Mechanism of action:
In sensitive organism the streptomycin binds to the S12 protein of the small subunit of ribosome, which is also the m-RNA binding site during translation. There is competition between the streptomycin and m-RNA for the binding site and thus this antibiotic hinders with the formation of initiation complex as a result the fidelity of the genetic code is not maintained. There is misreading of the genetic code and defective proteins are synthesizing resulting in the death of the microbe.
Production of streptomycin:
The present day streptomycin producers are the mutants of Streptomyces after screened extensively for higher yields. In the beginning of 1940s, Streptomyces strains were poor yielding and only 50 units of streptomycin per ml of broth were produced. New strains developed by mutation and selection yield 25,000 units per ml.
The industrial production of streptomycin is carried out using submerged fermentation processes. The spores of Streptomyces mutants are maintained as soil stock or lyophilized form since these strains are genetically unstable. The spores from the stock are used for inoculating sporulation medium, which is then transferred to germinator where biomass is increased for inoculating fermenters. Media consisting of glucose, starch, dextrin, soy meal, corn steep liquor, sodium sulphate are used for the fermentation. The streptomycin fermentation requires high aeration and agitation. The fermentation is carried out at 28-30 ºC and medium pH 7.6-8 for good productivity. The fermentation lasts for 5-7 days with an yield of 1-3 g/L of the fermentation broth.
The streptomycin fermentation proceeds through three phases. In first phase that lasts for 24 h the organism produces proteases which digest the soybean meal releasing ammonia and carbohydrates to be used for increasing the biomass. Glucose utilization is slow and low count ratio of streptomycin is produced during this phase. The medium pH also rises from 6.7 or 6.8 to 7.5 or higher. The next phase is the streptomycin producing phase which ranges from 24 h to 6-7 days. Rapid utilization of ammonia and glucose occurs and substantial production of streptomycin is observed. There is no mycelial growth and pH during this phase remains fairly constant around 7.6 to 8.0. This is the idiophase or the stationary phase during which the streptomycin (secondary metabolite) is produced. In the last phase (death phase) the sugars have been completely depleted in the medium and streptomycin production ceases completely. The ammonia released due to the cell lysis raises medium pH. Fermentation broth is generally harvested before the last phase begins.
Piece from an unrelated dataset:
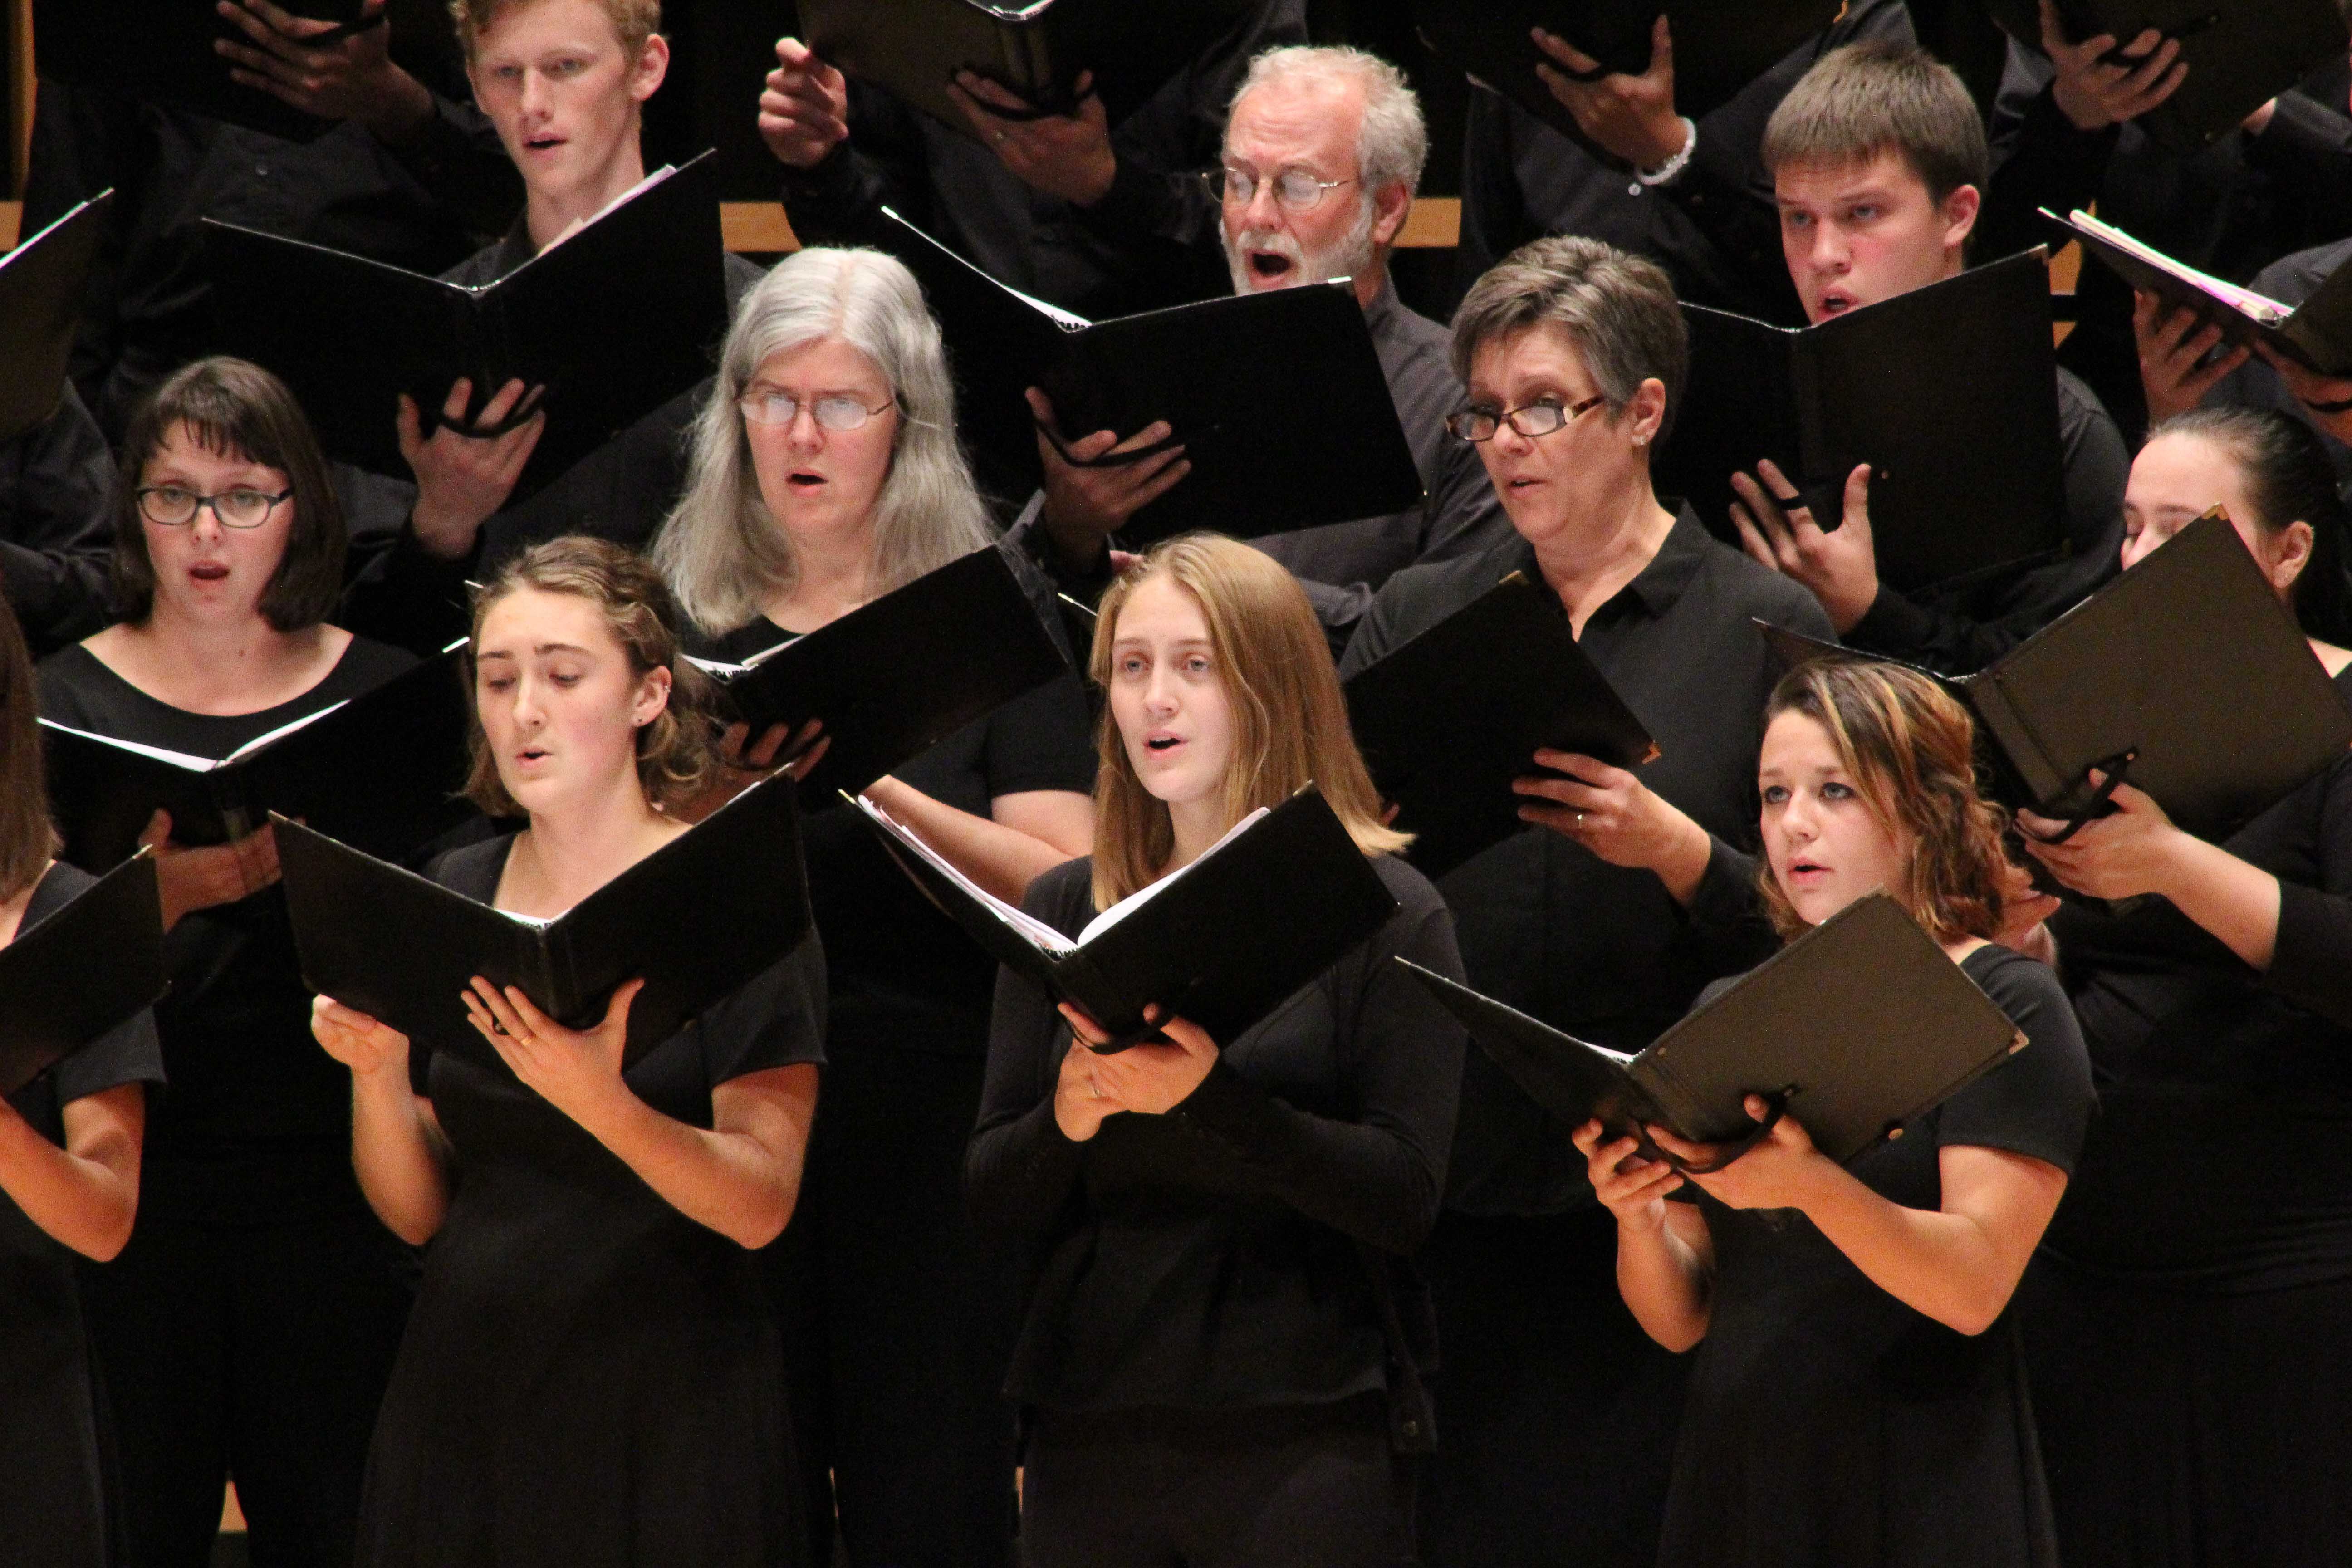 Chamber Choir with St. Joseph Valley Camerata | Goshen College
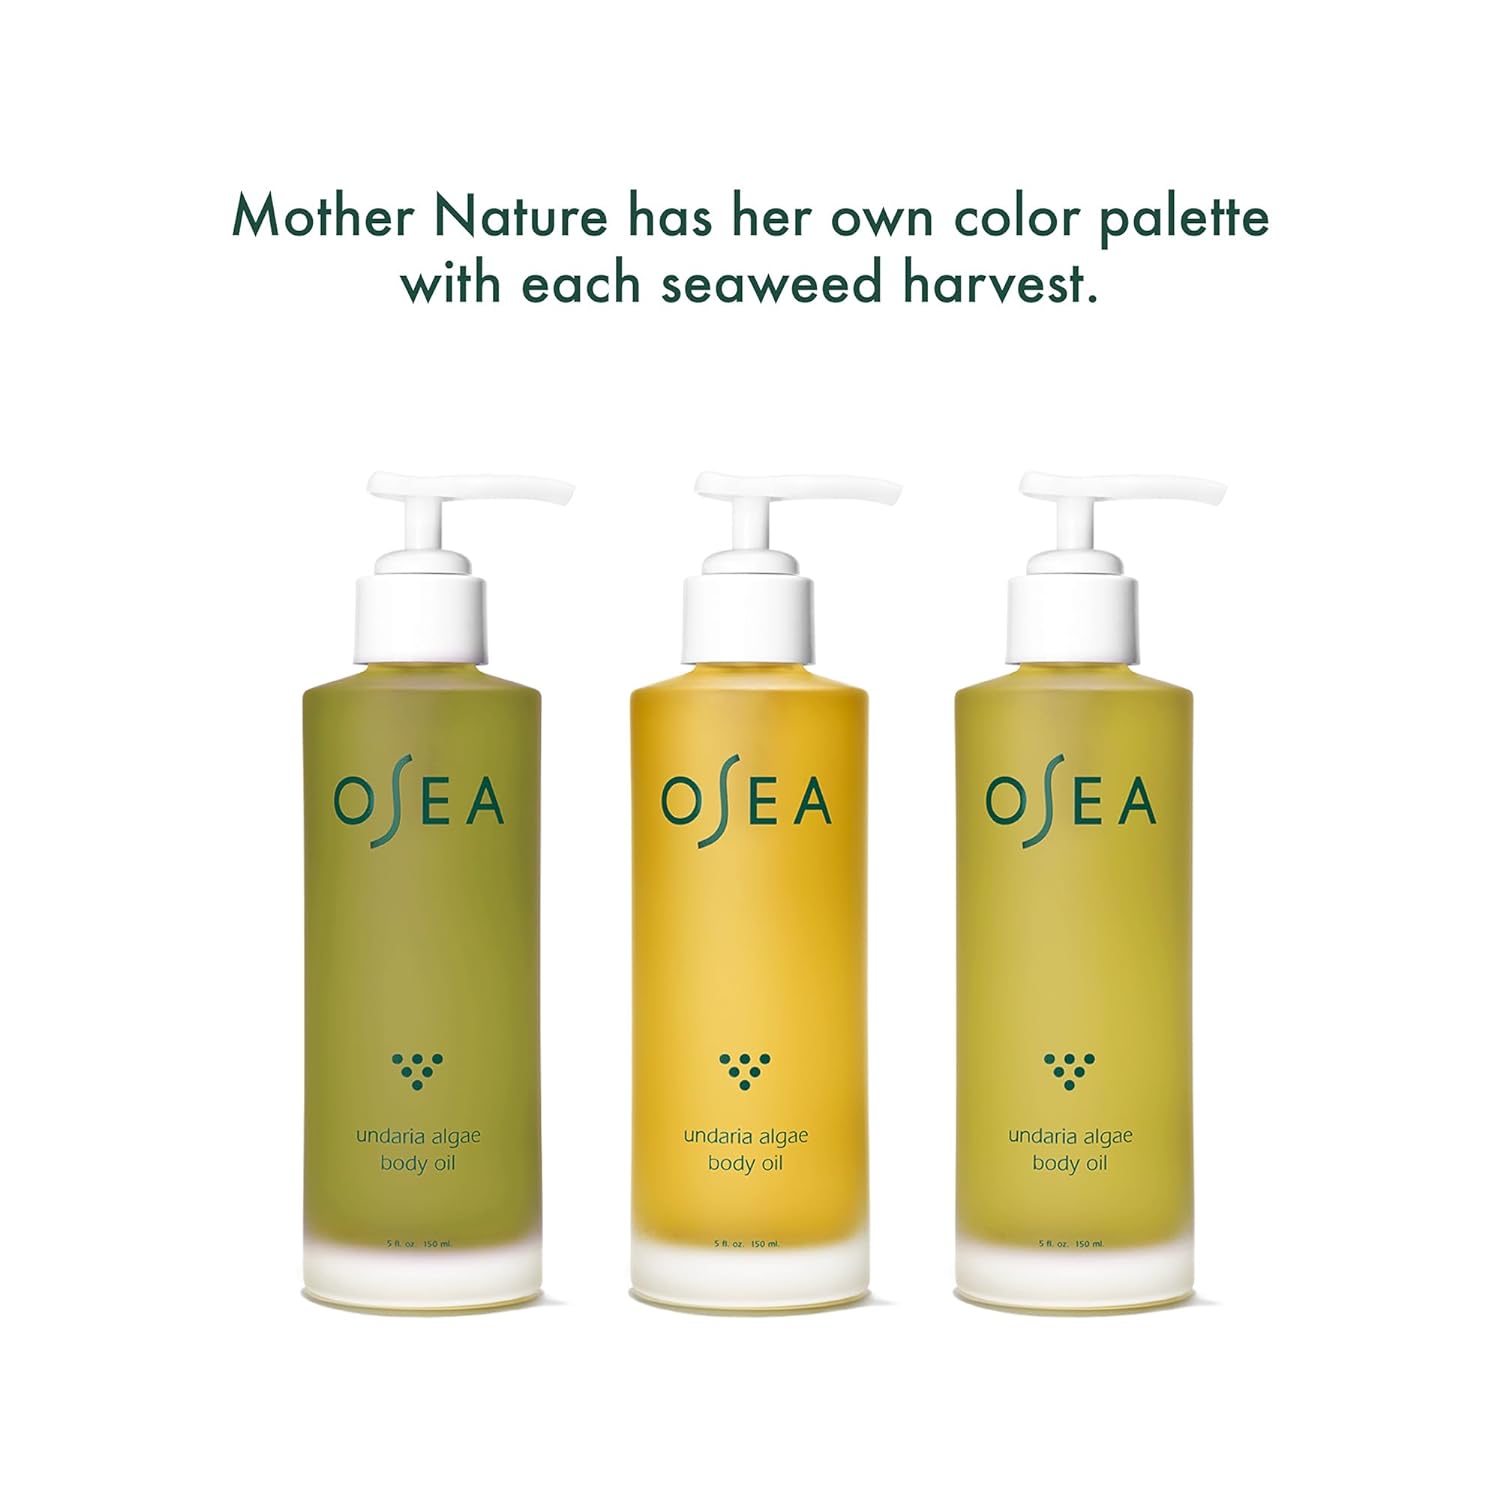 OSEA Undaria Algae Body Oil 5 oz, After Shower Body Oil, Firming, Non-Greasy & Fast Absorbing Skin Care, Vegan & Cruelty Free Seaweed Body Moisturizer : Body Oils : Beauty & Personal Care

Recovery of streptomycin :
On completion of fermentation, the mycelium is separated from the broth by filtration and streptomycin is recovered by passing through ion exchange columns where it gets adsorbed. Streptomycin is then eluted from the column as streptomycin sulphate. Further impurities are removed by treating it with sodium hypochlorite, EDTA and activated carbon. The purified streptomycin sulphate solution is concentrated under vacuum and dried aseptically. The ion exchange resin columns have replaced the traditional solvent extraction methods employed for the extraction and purification of streptomycin which significantly reduced the cost of streptomycin production.